┌─ Record extracts

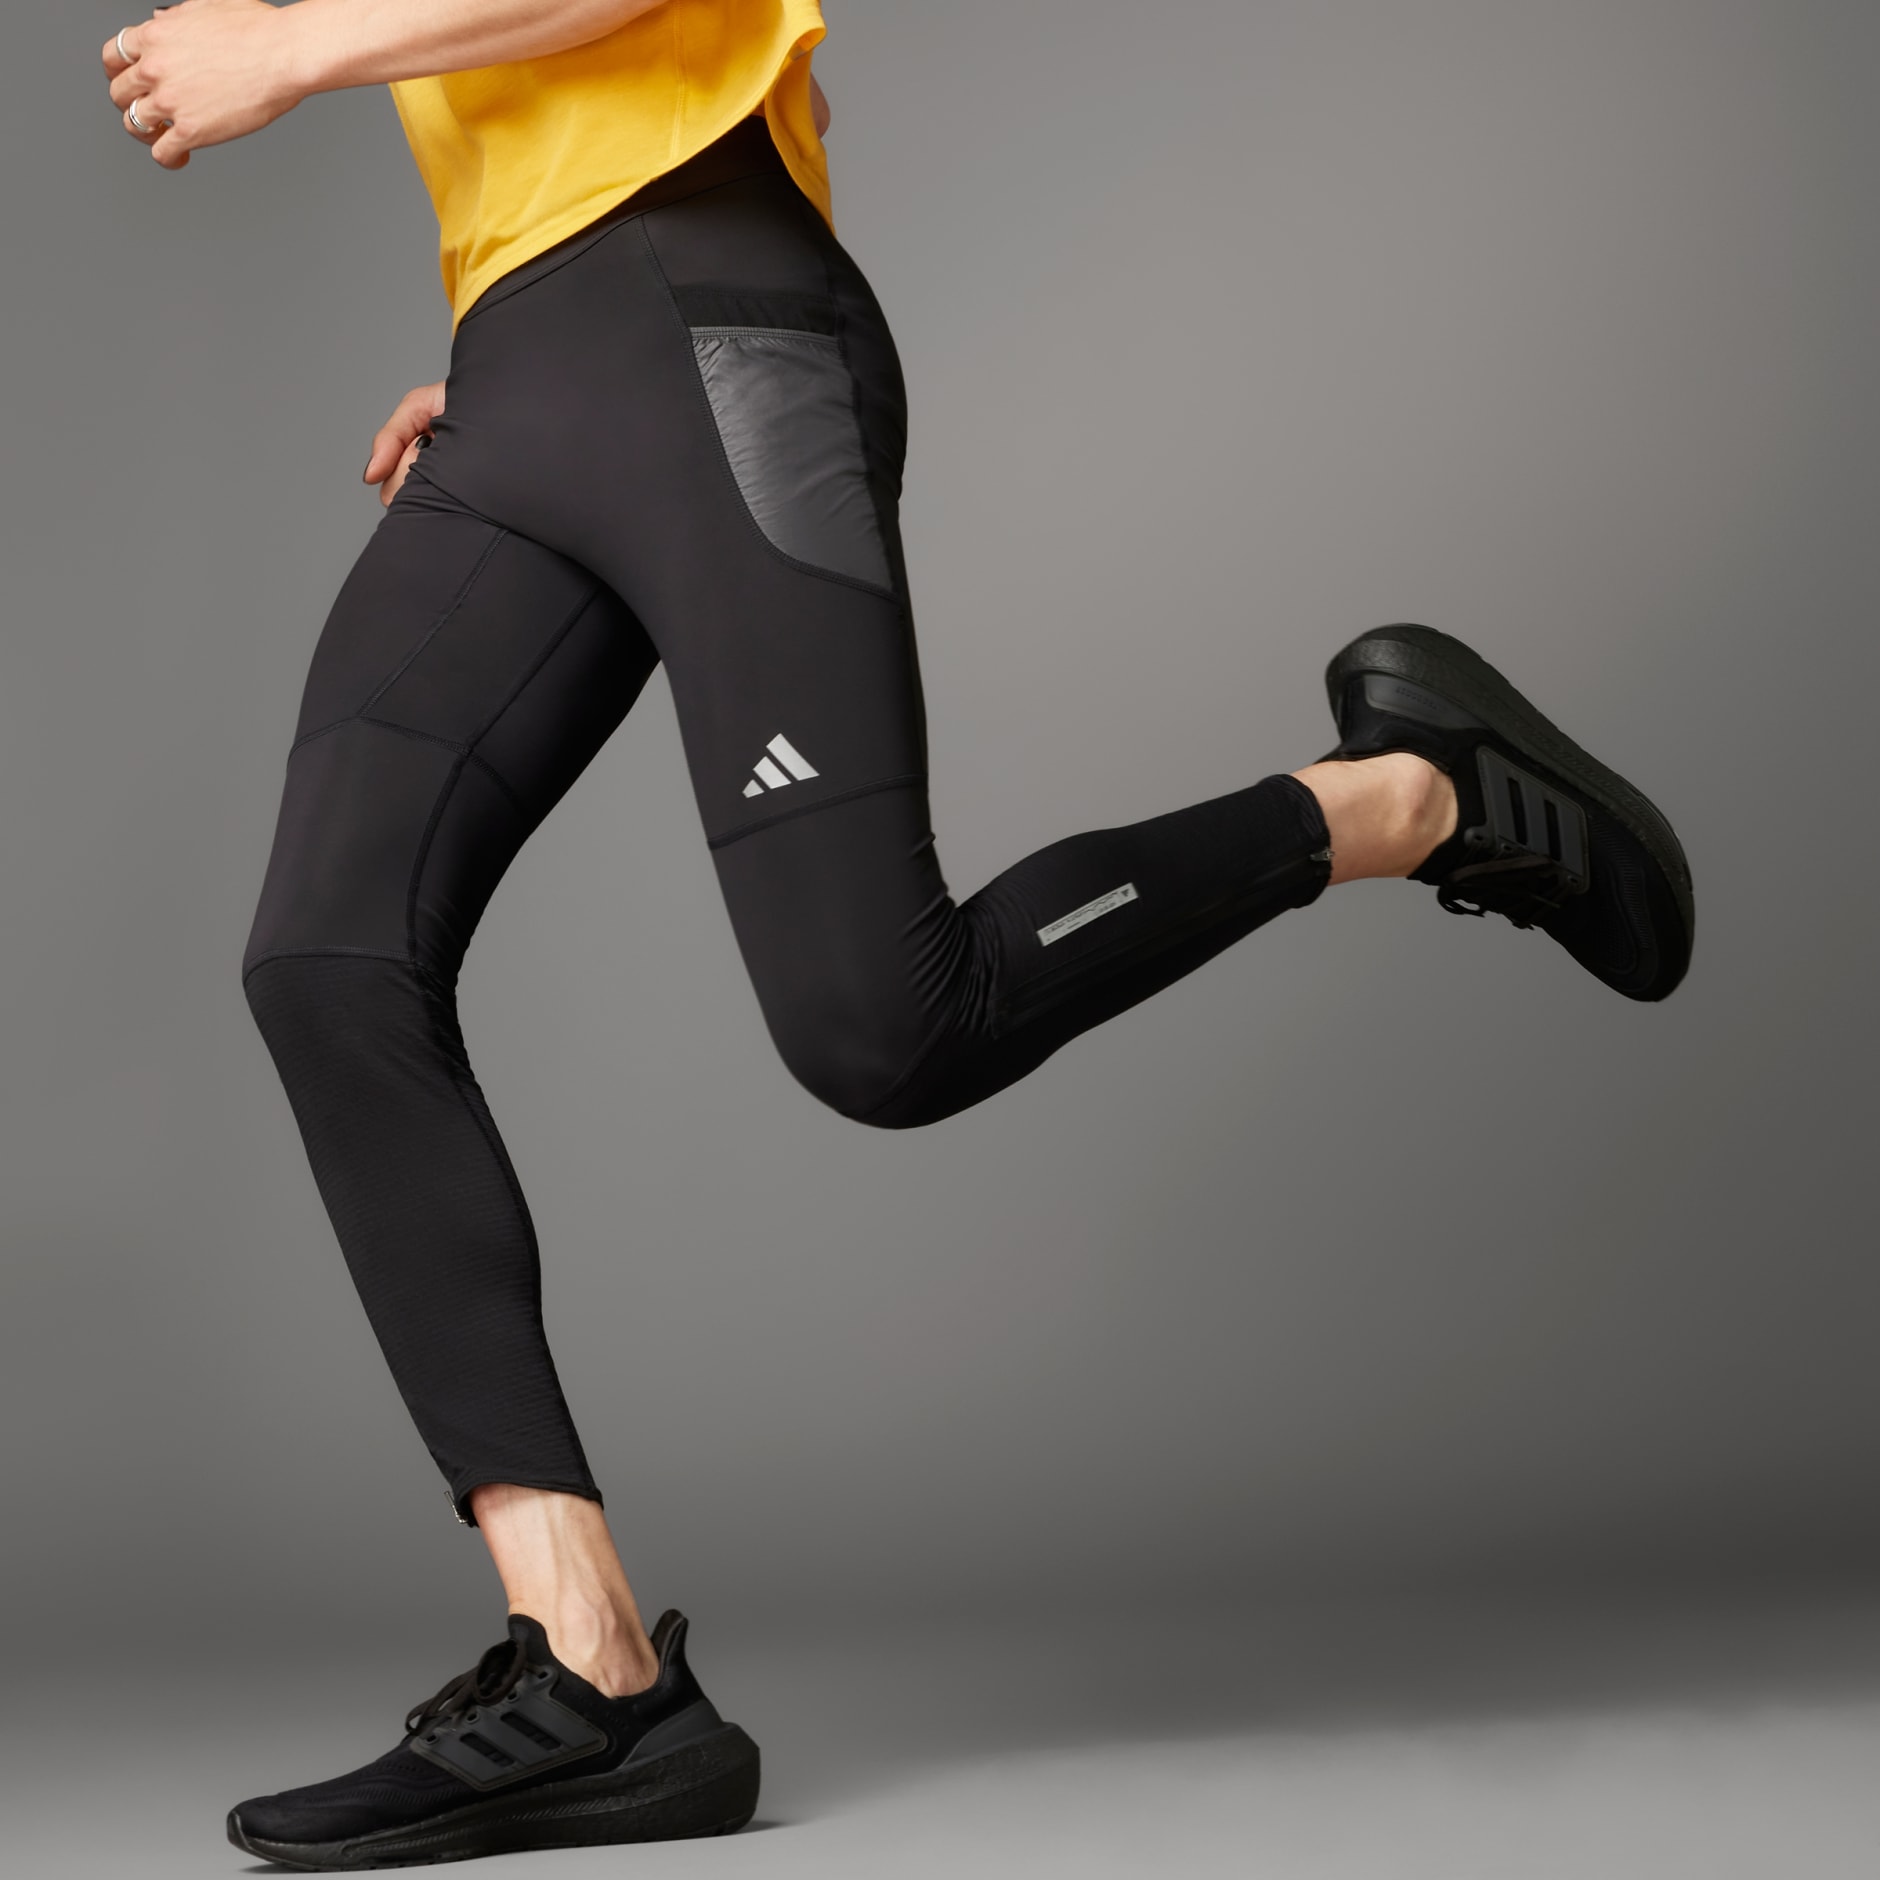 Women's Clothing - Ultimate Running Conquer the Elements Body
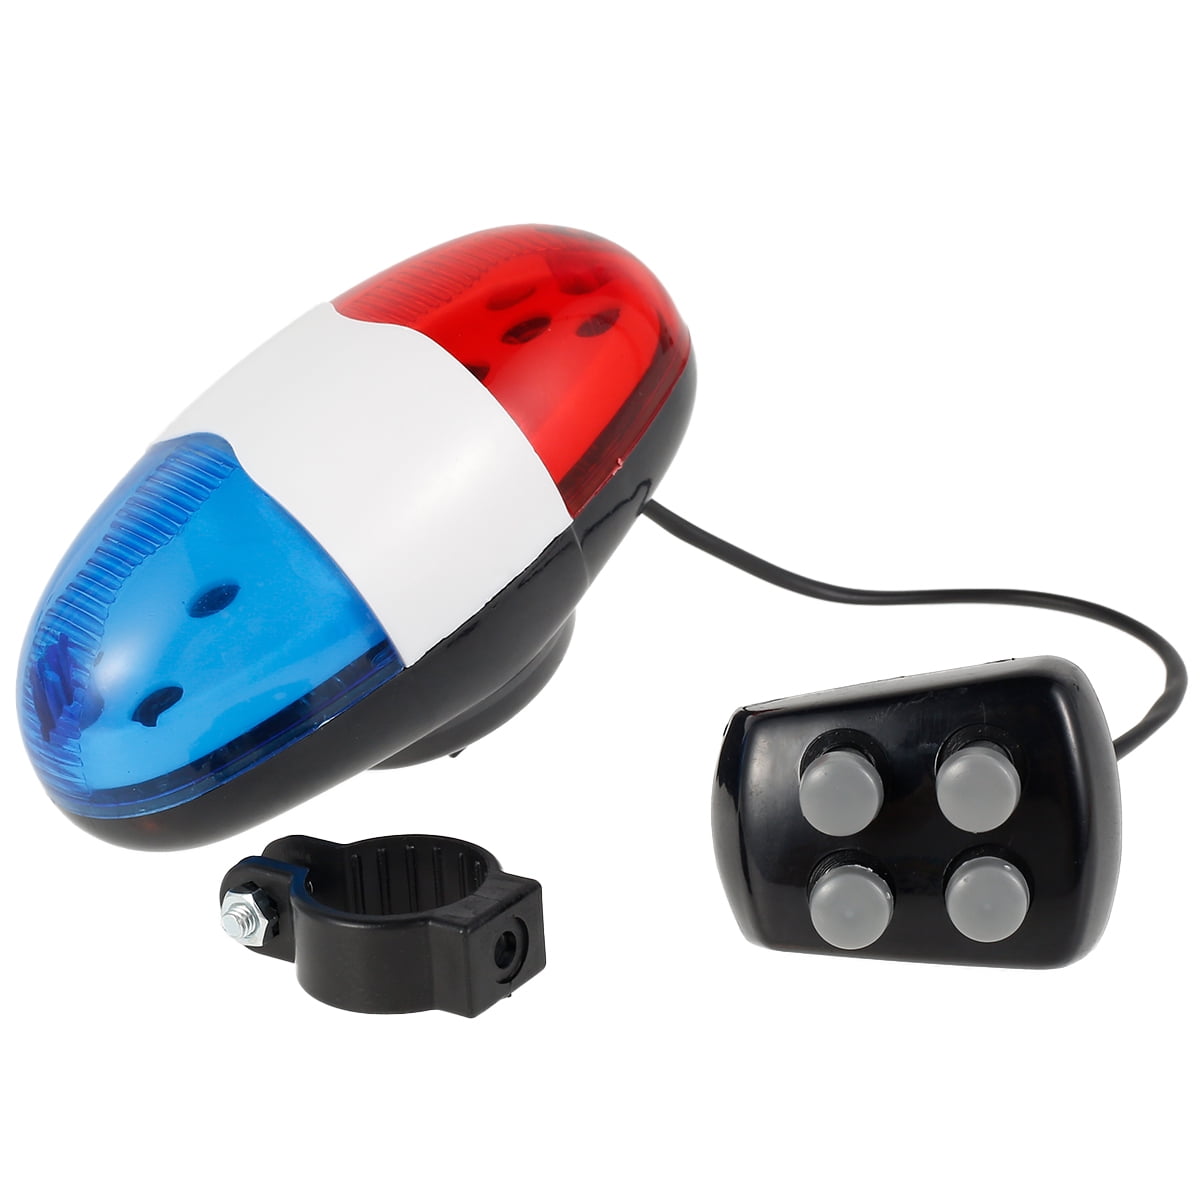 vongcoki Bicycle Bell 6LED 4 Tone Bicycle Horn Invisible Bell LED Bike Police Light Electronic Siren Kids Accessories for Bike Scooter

└─
┌─ Record extracts

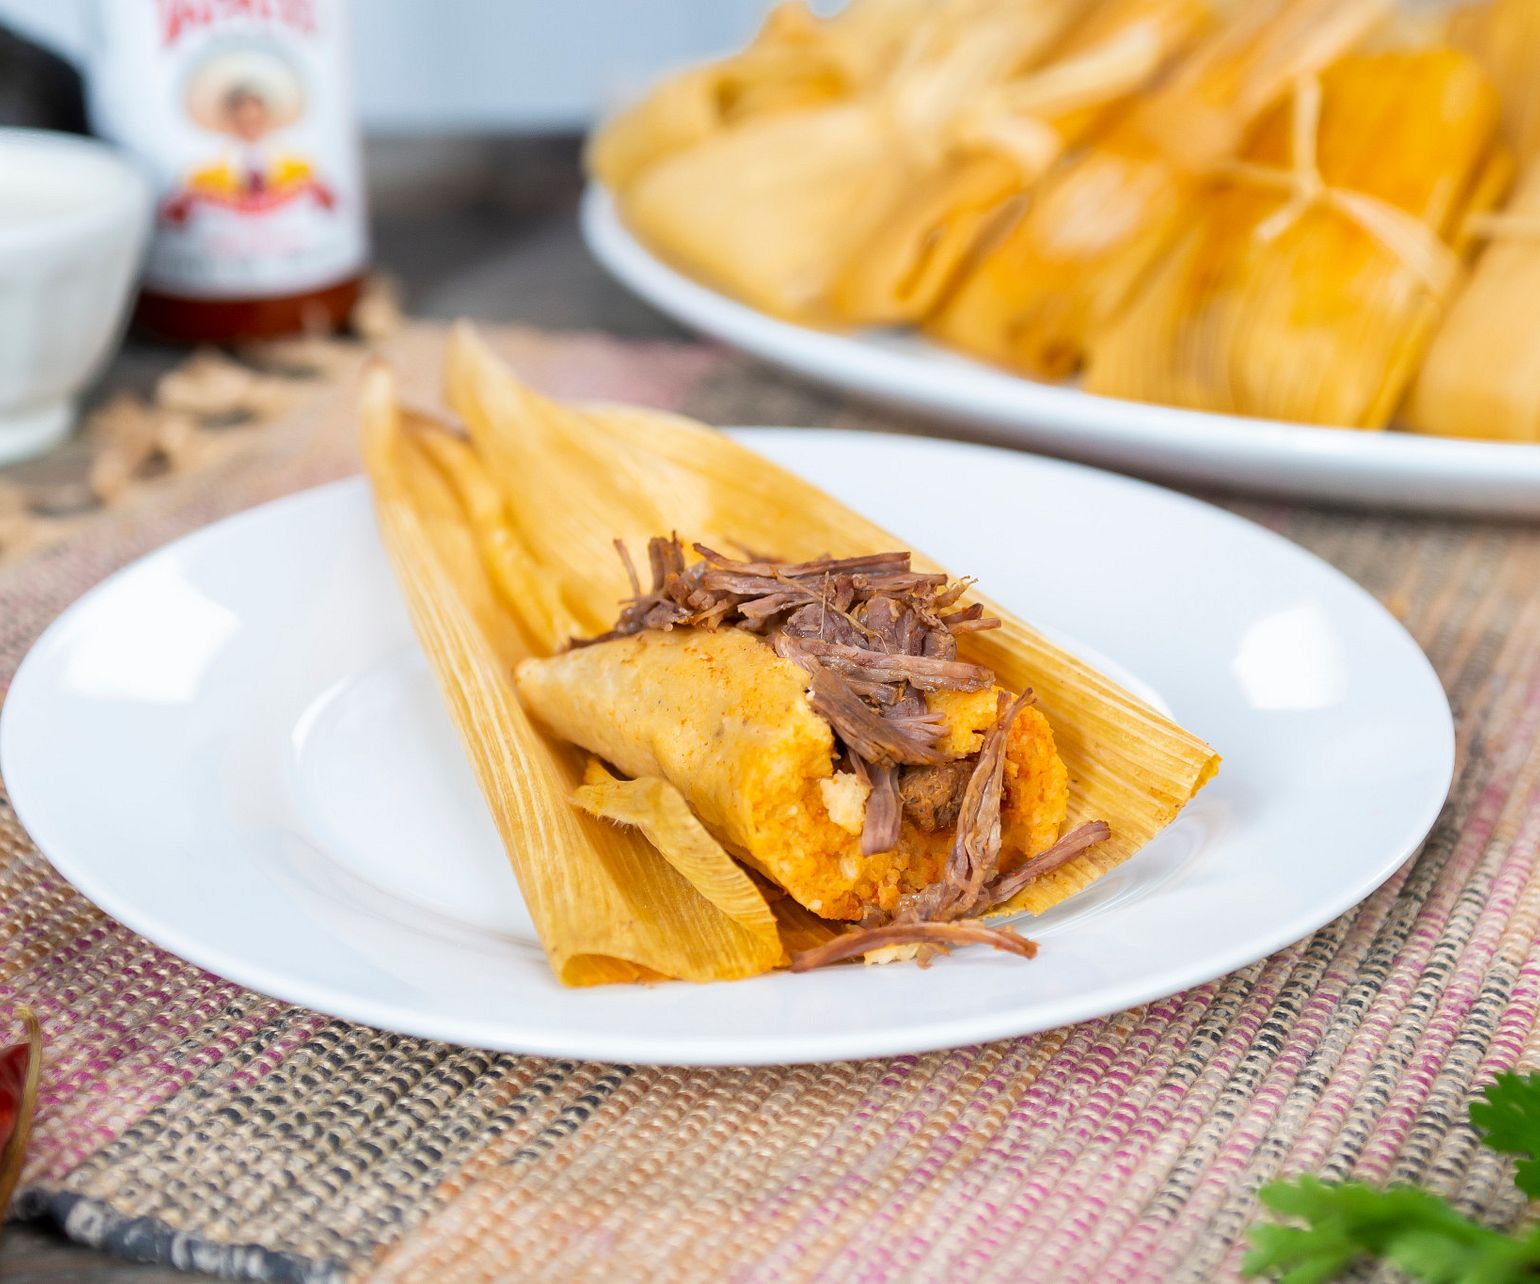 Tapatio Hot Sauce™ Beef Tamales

└─

• _Prompt_:
Using the records above, return verbatim only the part that opens with the line containing "Women's Clothing - Ultimate" and closes with the line containing "vongcoki Bicycle Bell"; pictures stay out.

• _Solution for this exercise_:
 Women's Clothing - Ultimate Running Conquer the Elements Body
 vongcoki Bicycle Bell 6LED 4 Tone Bicycle Horn Invisible Bell LED Bike Police Light Electronic Siren Kids Accessories for Bike Scooter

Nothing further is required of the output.